Land Sales Start to Rebound, Consulting Firm Says
(Beijing) – Land transfer revenues for ten major Chinese cities totaled 48.5 billion yuan in September, up 49 percent from August, a report by E-house China R&D Institute released on October 10 said.
The September figure was the highest of the year and a sign that the market has warmed, Wu Xiaojun, an analyst for the real estate consulting firm in Shanghai, said.
Local governments in China get much of their revenue from fees linked to transferring leasing rights to developers, and central government housing curbs enacted in 2010 to cool an overheating market have left many cash-strapped.
Local governments have started to increase the supply of land, and some developers were optimistic about the prospects of the housing market, Wu said. He predicted that land sales would continue to speed up in the second half of the year.
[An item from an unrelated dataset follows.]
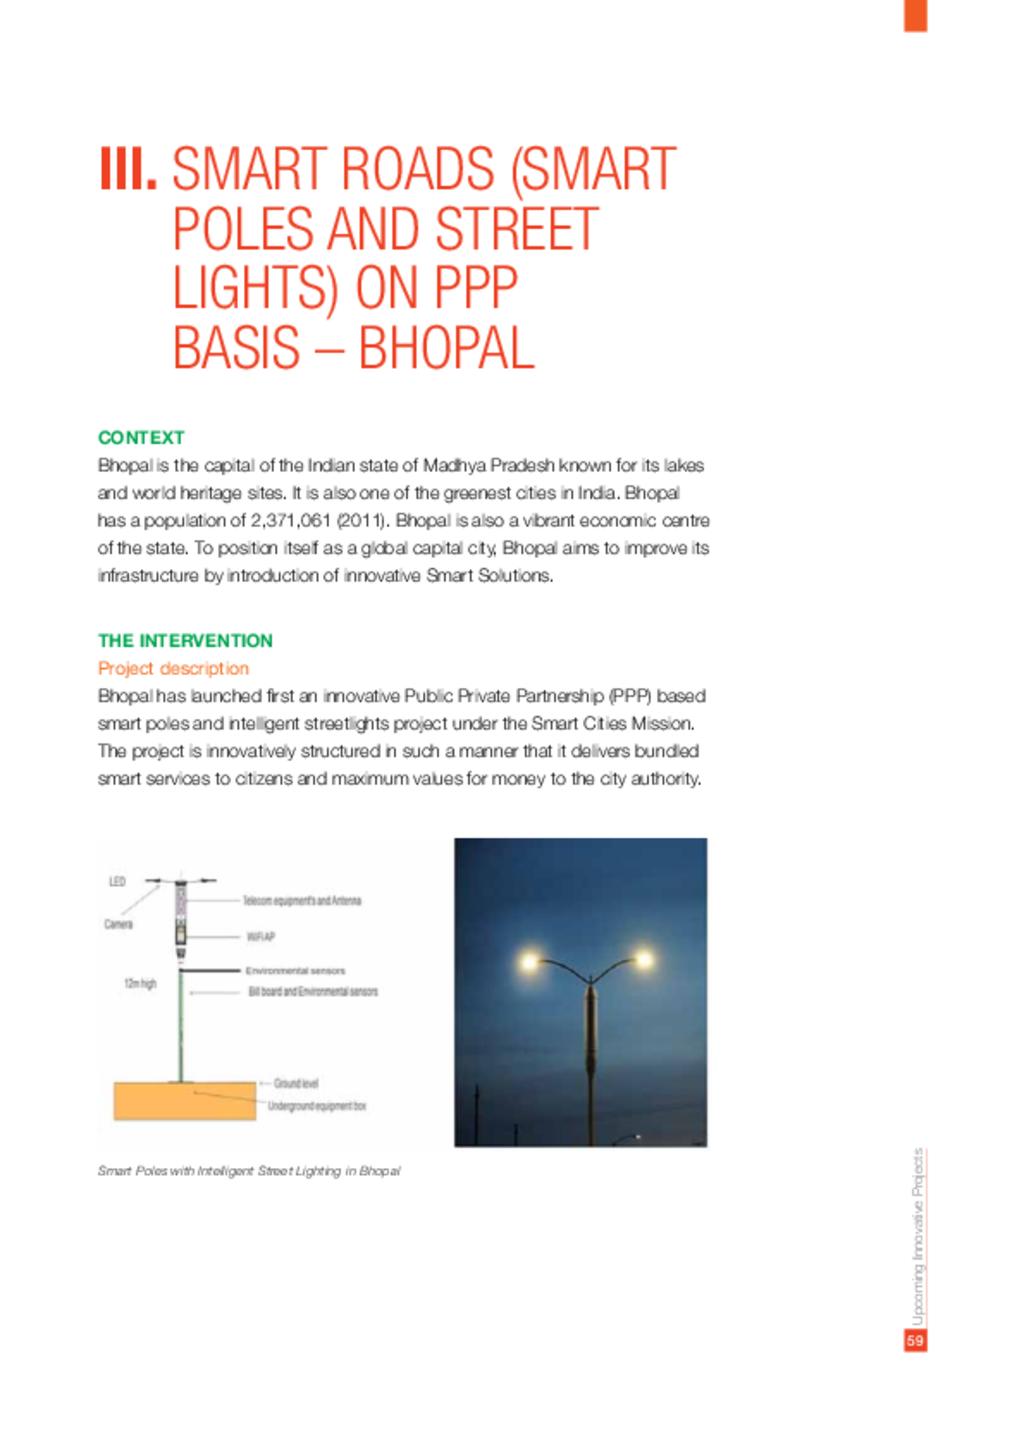 Smart Roads (Smart Poles And Street Lights) On PPP Basis – Bhopal
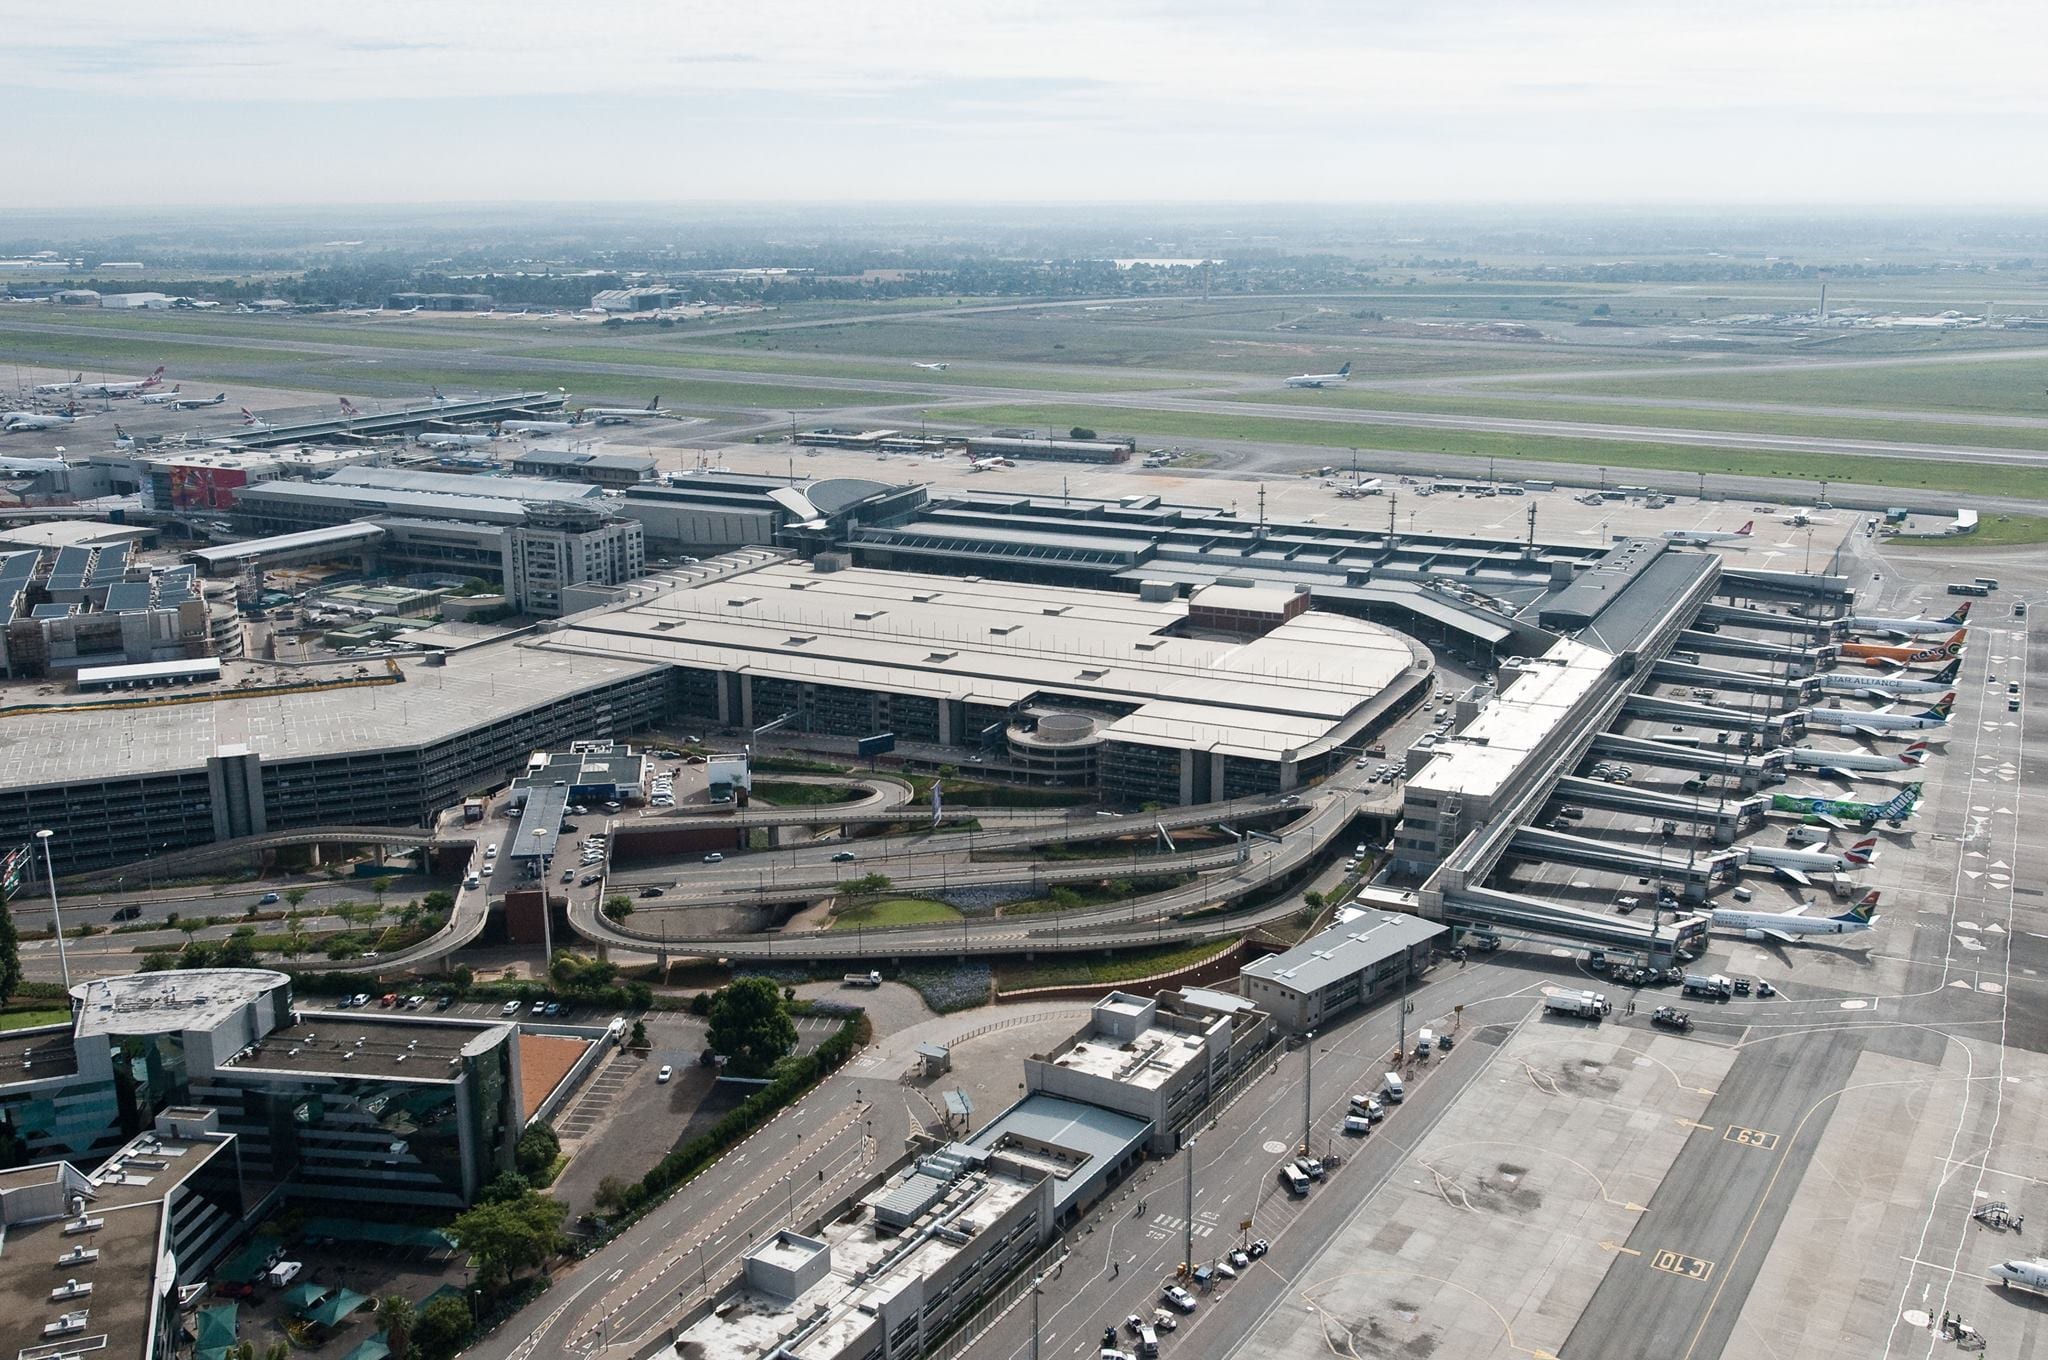 this is the busiest airport in africa

In a sign of the bite Beijing's curbs have had, land transfer fees for the ten cities from January 1 to September 30 totaled 237.5 billion yuan, down 48 percent compared to the same period last year, the report said.
The drop-off prompted local governments to implement policies to trigger sales, to the annoyance of the central government.
In another sign the market was improving, nearly 13,000 hectares of land was put on the market in 300 cities in September, up 7 percent from August, the China Index Academy, a property research organization in Beijing, said.
Also, Beijing took in 25.7 billion yuan from land sales in September, more than the total for the first eight months of the year, data released by the city's land bureau showed.
Due to the central government's housing curbs, local governments were conservative about putting land on the market in the first six months of the year, the academy said. The pace has quickened since the beginning of July.
As the housing market improved, it would become a driving force for the macro economy in the first half of 2013, Stephen Green, head of Greater China research at Standard Chartered Bank, said.
In some cities, developers have been buying land due to reduced prices, but others are still waiting for prices to fall, Green said.